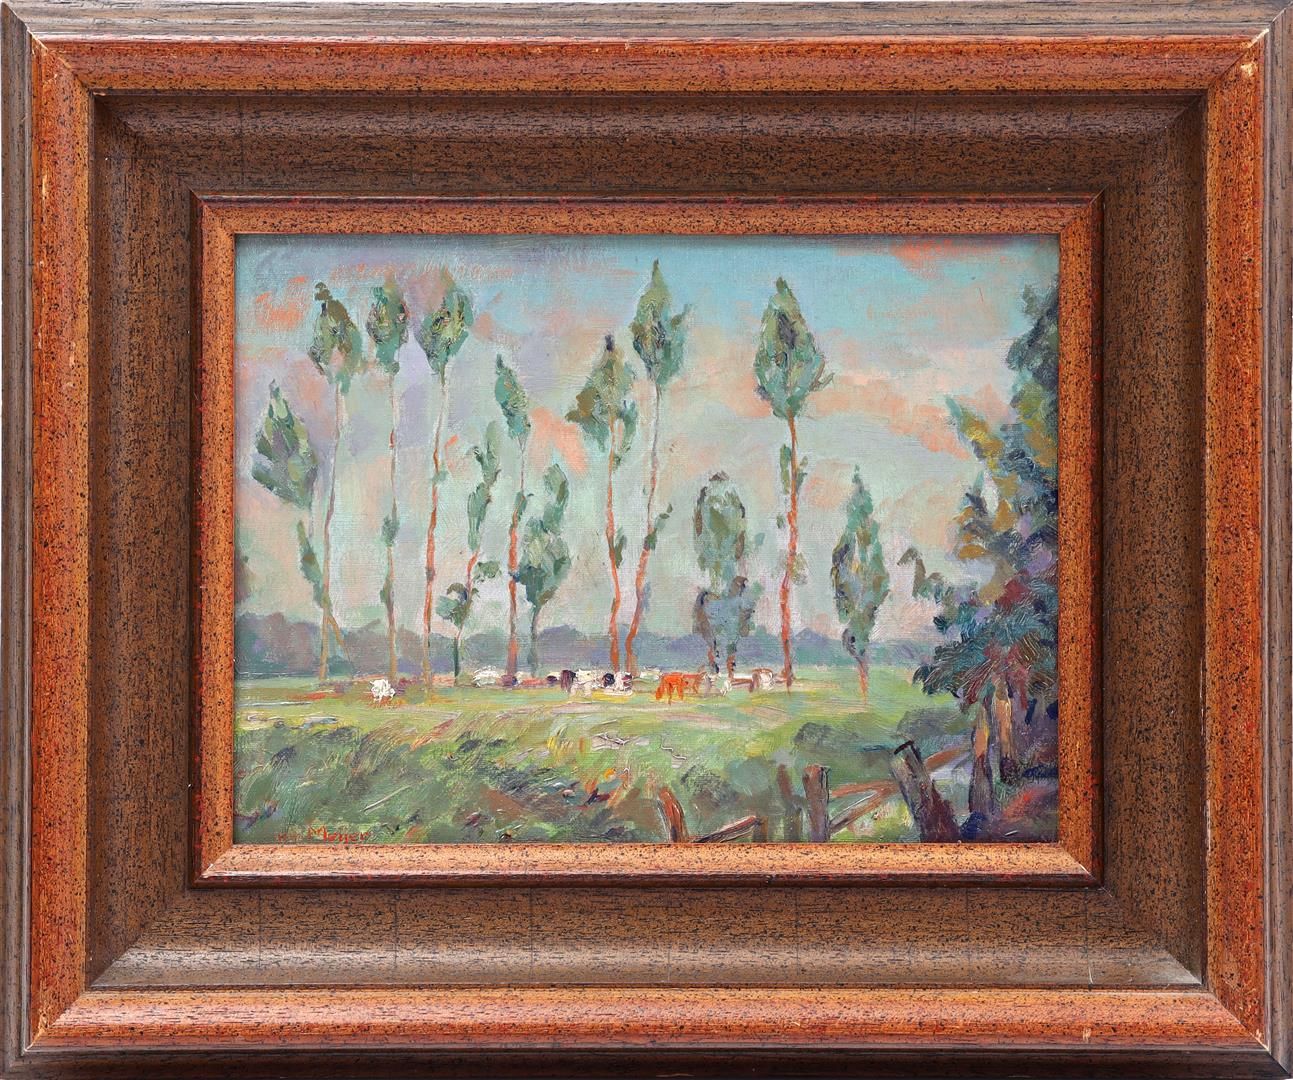 Johan Meijer Johan Meijer (1885-1970)

Landscape with cows under trees, canvas 2&hellip;
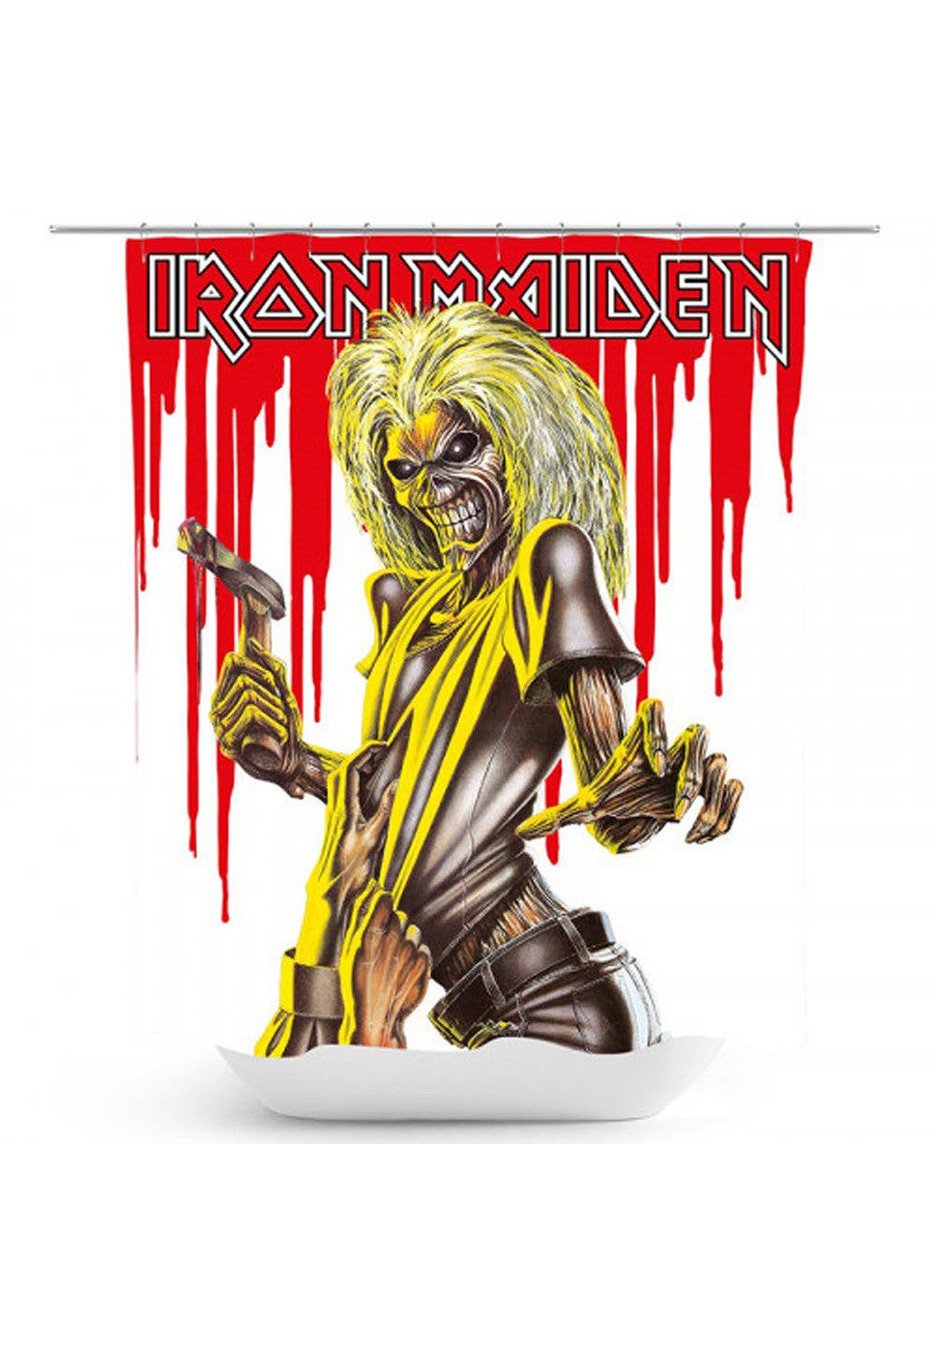 Iron Maiden - Killers - Shower Curtain
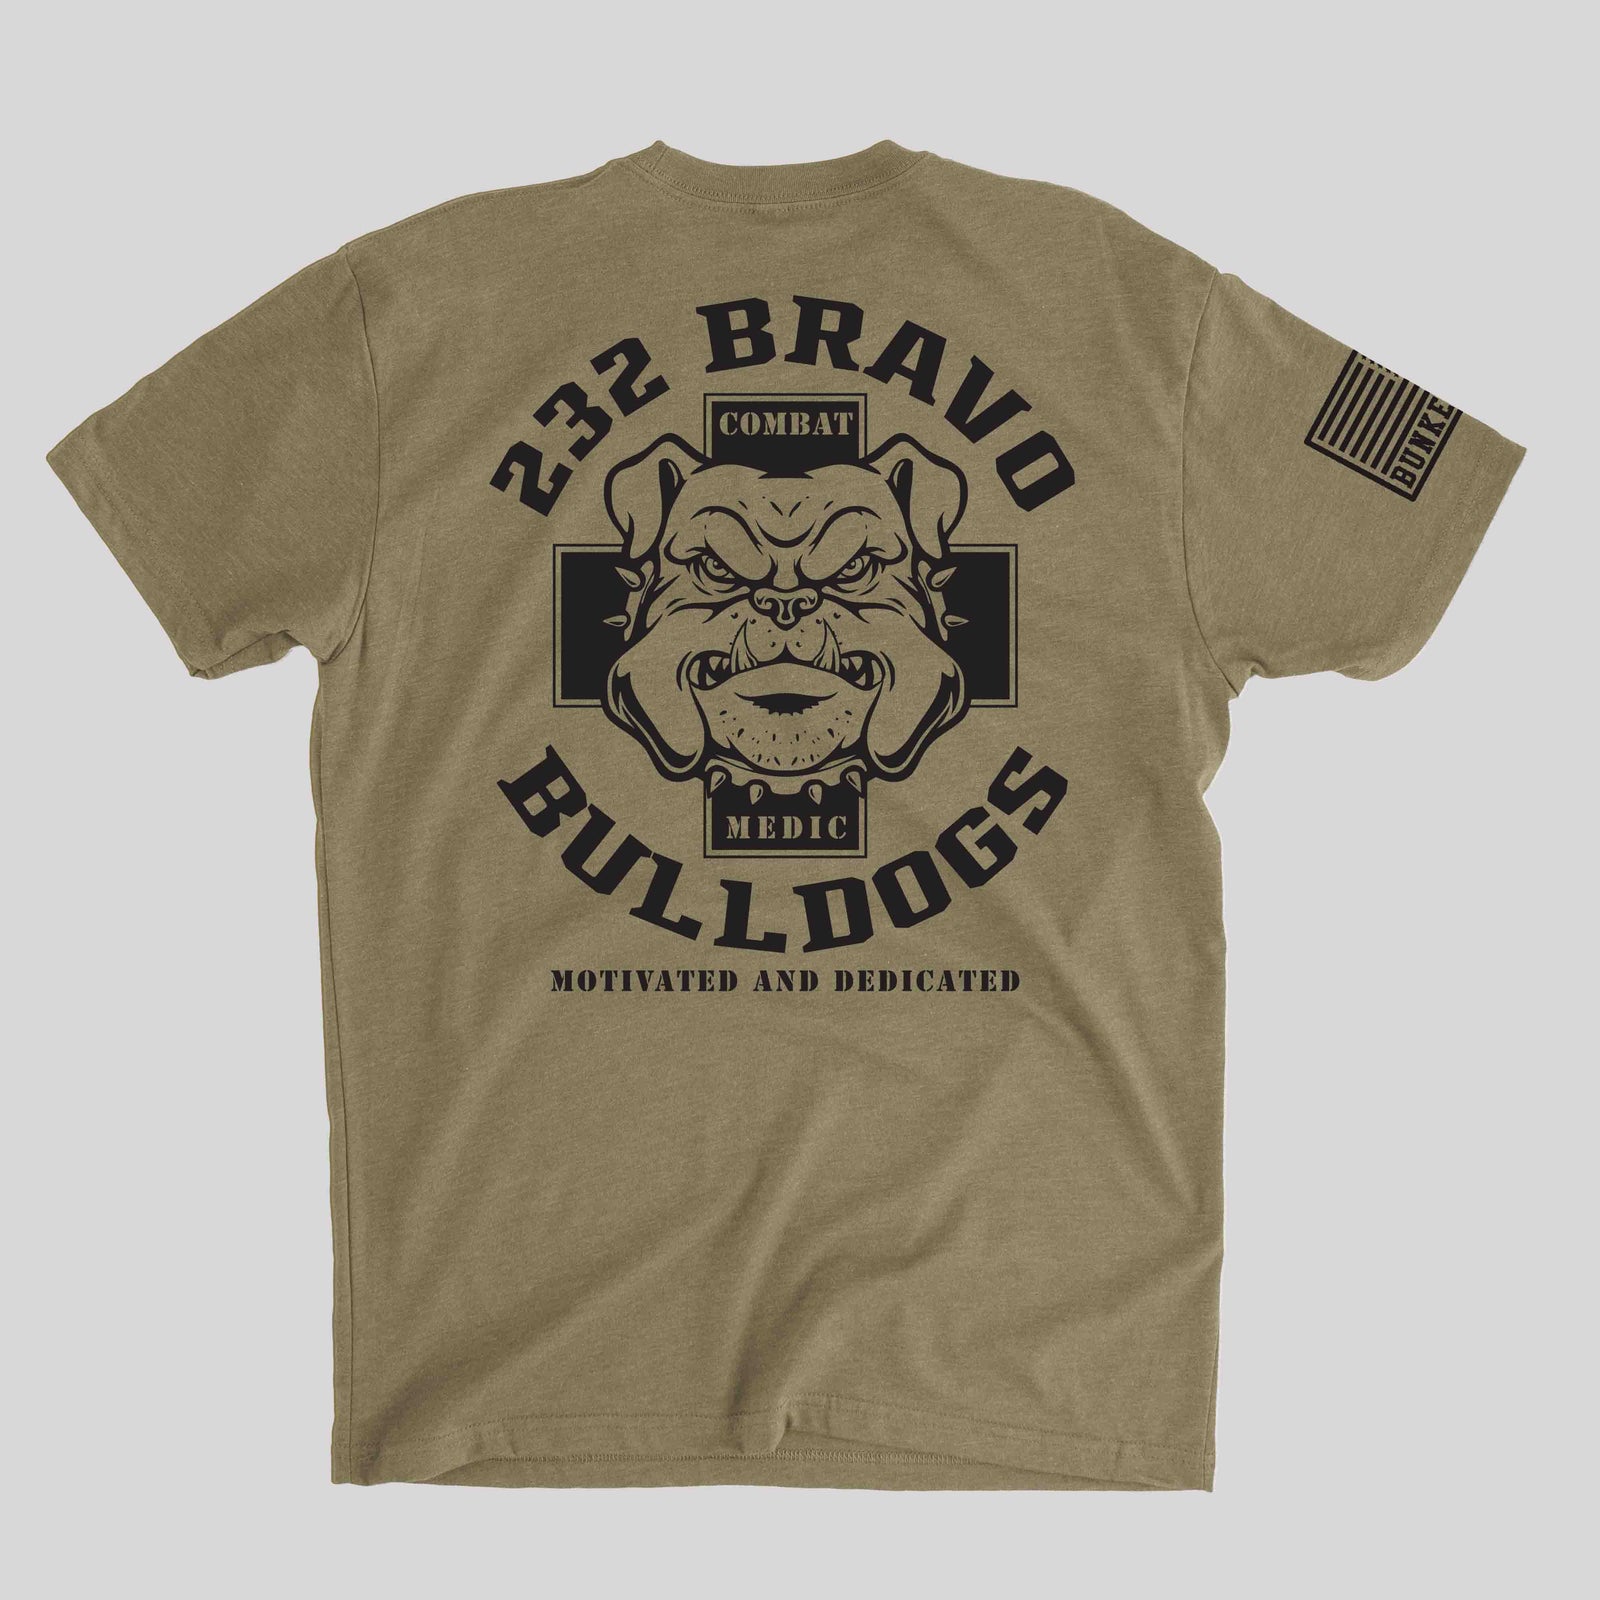 232 Bravo Company - Bulldogs

:: Work order ::
Starting at the line with "Iron Maiden - Killers - Shower Curtain", transcribe the listing above exactly through its last line. No picture belongs in the transcription.

:: Written solution ::
 Iron Maiden - Killers - Shower Curtain
 232 Bravo Company - Bulldogs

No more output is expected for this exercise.